Living Donation

Living organ donation offers another choice for some transplant candidates, reducing their time on the waiting list and leading to better long term outcomes for the recipient.

Living tissue donation, birth tissue, is used to promote healing and to treat burns and painful wounds.

The Need

A living donor is an option for patients who otherwise may face a lengthy wait for an organ from a deceased donor. To spare an individual a long and uncertain wait, relatives, loved ones, friends, and even individuals who wish to remain anonymous may serve as living donors.

Kidney and liver transplant candidates who are able to receive a living donor transplant can receive the best quality organ much sooner, often in less than a year.

  • More than 100,000 people are on the national transplant waiting list.
  • More than 85% of patients waiting are in need of a kidney.
  • 11% of patients waiting are in need of a liver.
  • In 2020, 5,700 more lives were saved through the generosity of living donors. 

Facts about Living Donation

Want to learn more about living donation? Here are some key facts:

  • Living donation is an opportunity to save a life while you are still alive.
  • Living organ donation and transplantation was developed as a direct result of the critical shortage of deceased donors. 
  • Living donors don’t have to be related to their recipients. On average, 1 in 4 living donors are not biologically related to the recipient.
  • Patients who receive a living donor transplant are removed from the national transplant waiting list, making the gift of a deceased donor kidney or liver available for someone else in need.

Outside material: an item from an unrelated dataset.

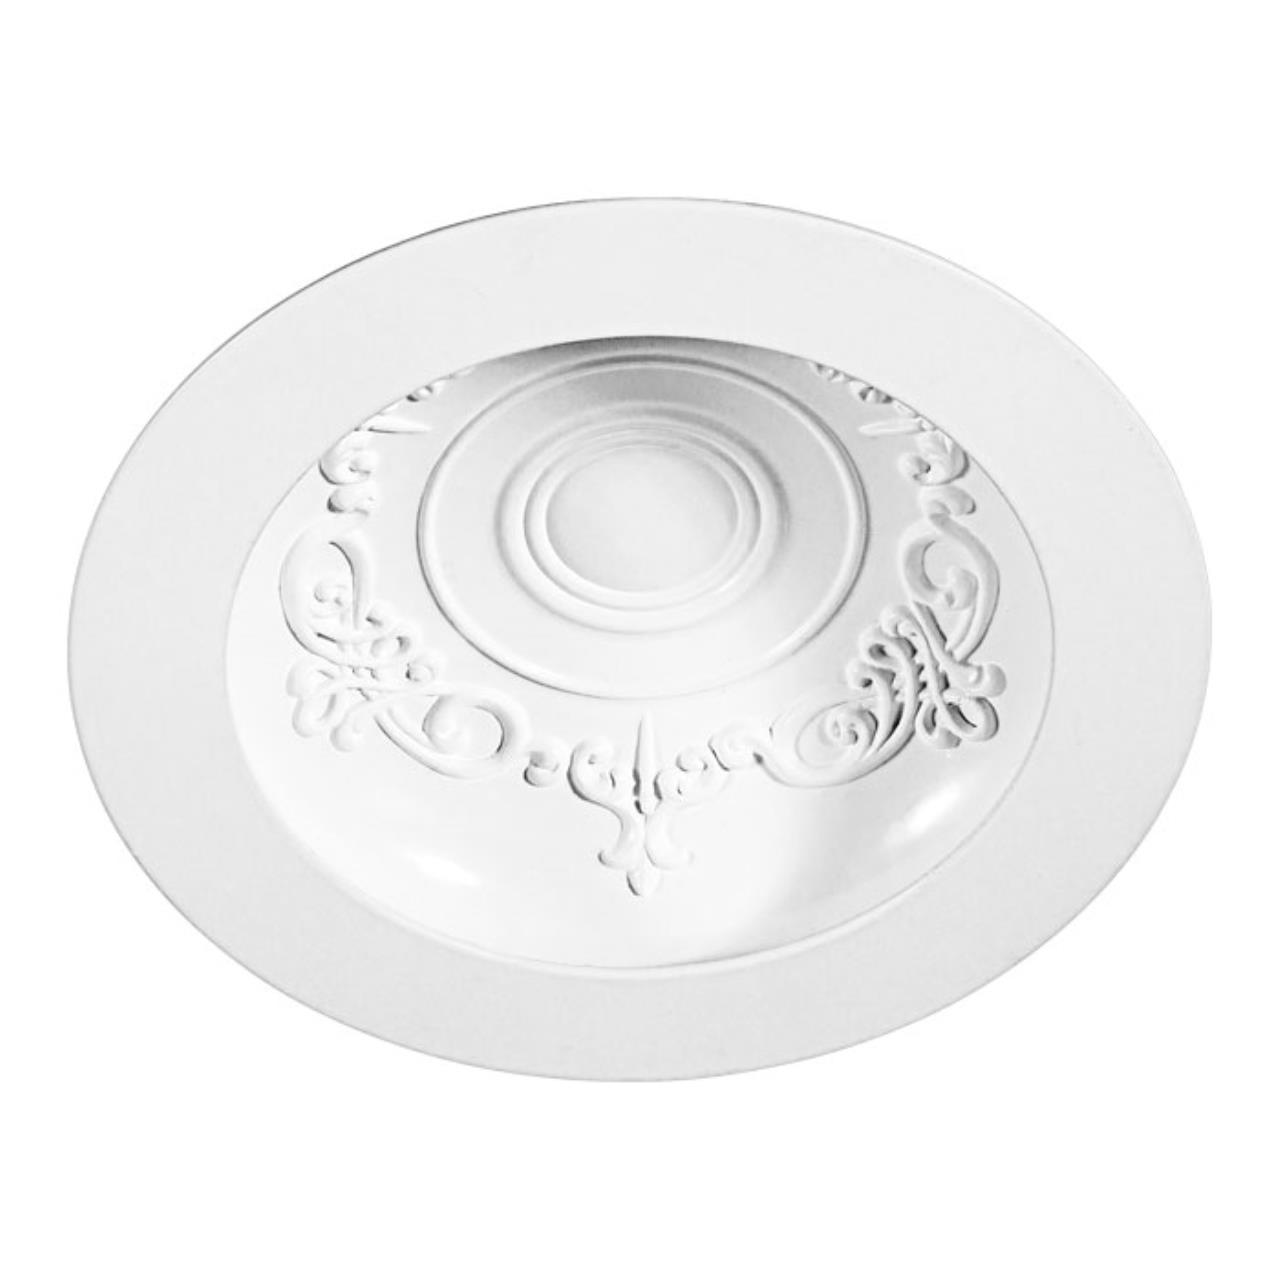 357355 SPOT NT17 141 белый Встраиваемый светильник IP20 LED 3000K 7W 85-265V GESSO
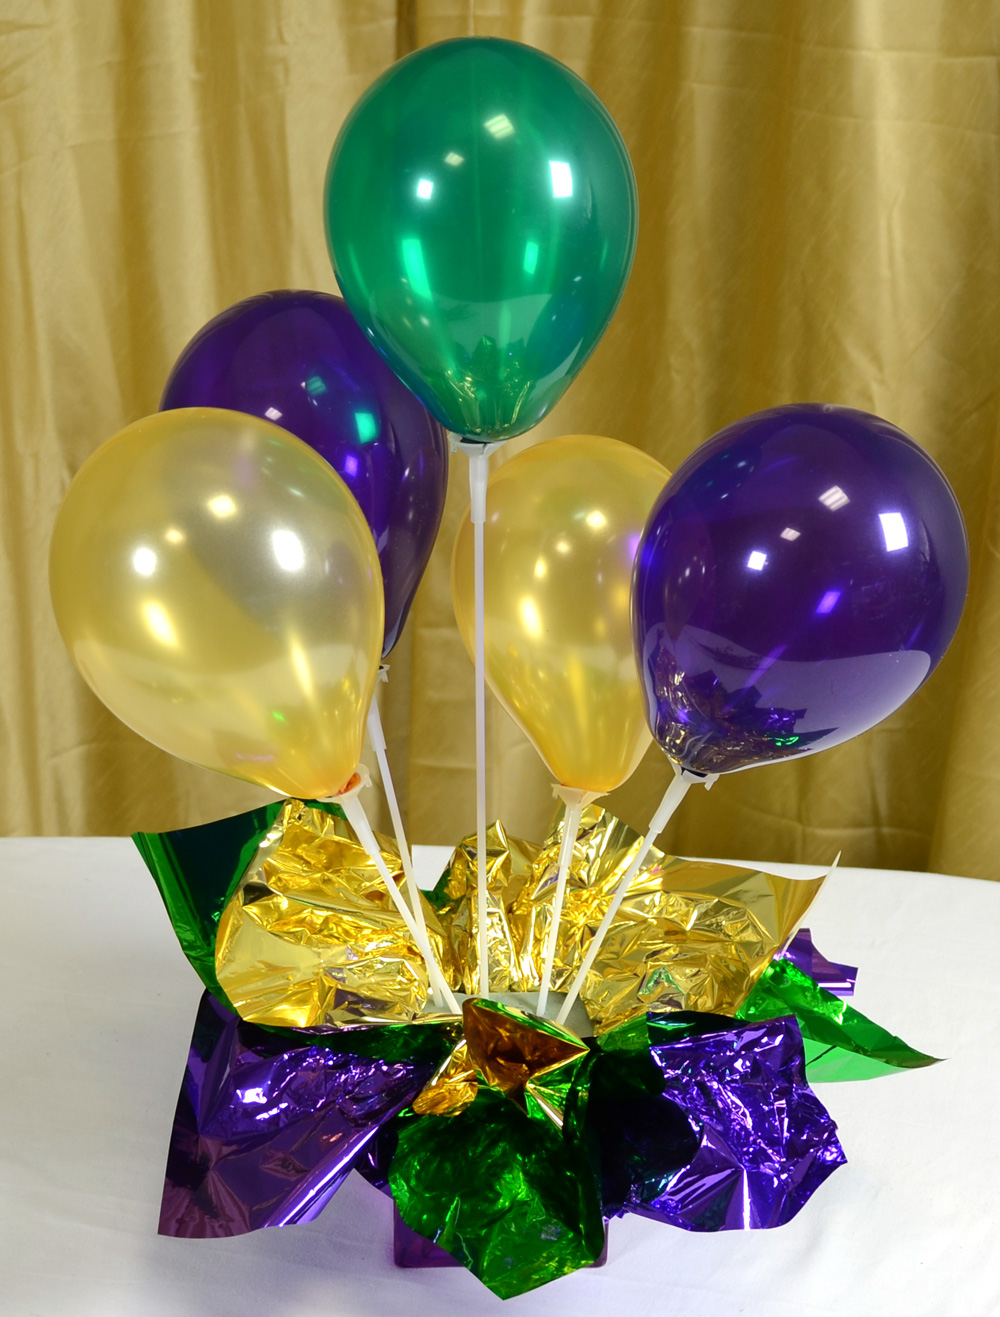 Balance Colors Of Balloons

If you are considering being a living donor, it’s important to note that living donation is not included in your deceased donor registration. In 2021, you will be able to register your interest in being a living donor in the National Donate Life Living Donor Registry (check back for updated information). A living donor transplant program will conduct a full evaluation to determine your eligibility to be a living donor.

The National Donate Life Living Donor Registry

In 2022, Donate Life America is launching the National Donate Life Living Donor Registry, a national-reaching living donor registry with the goal of reducing access barriers for prospective living donors.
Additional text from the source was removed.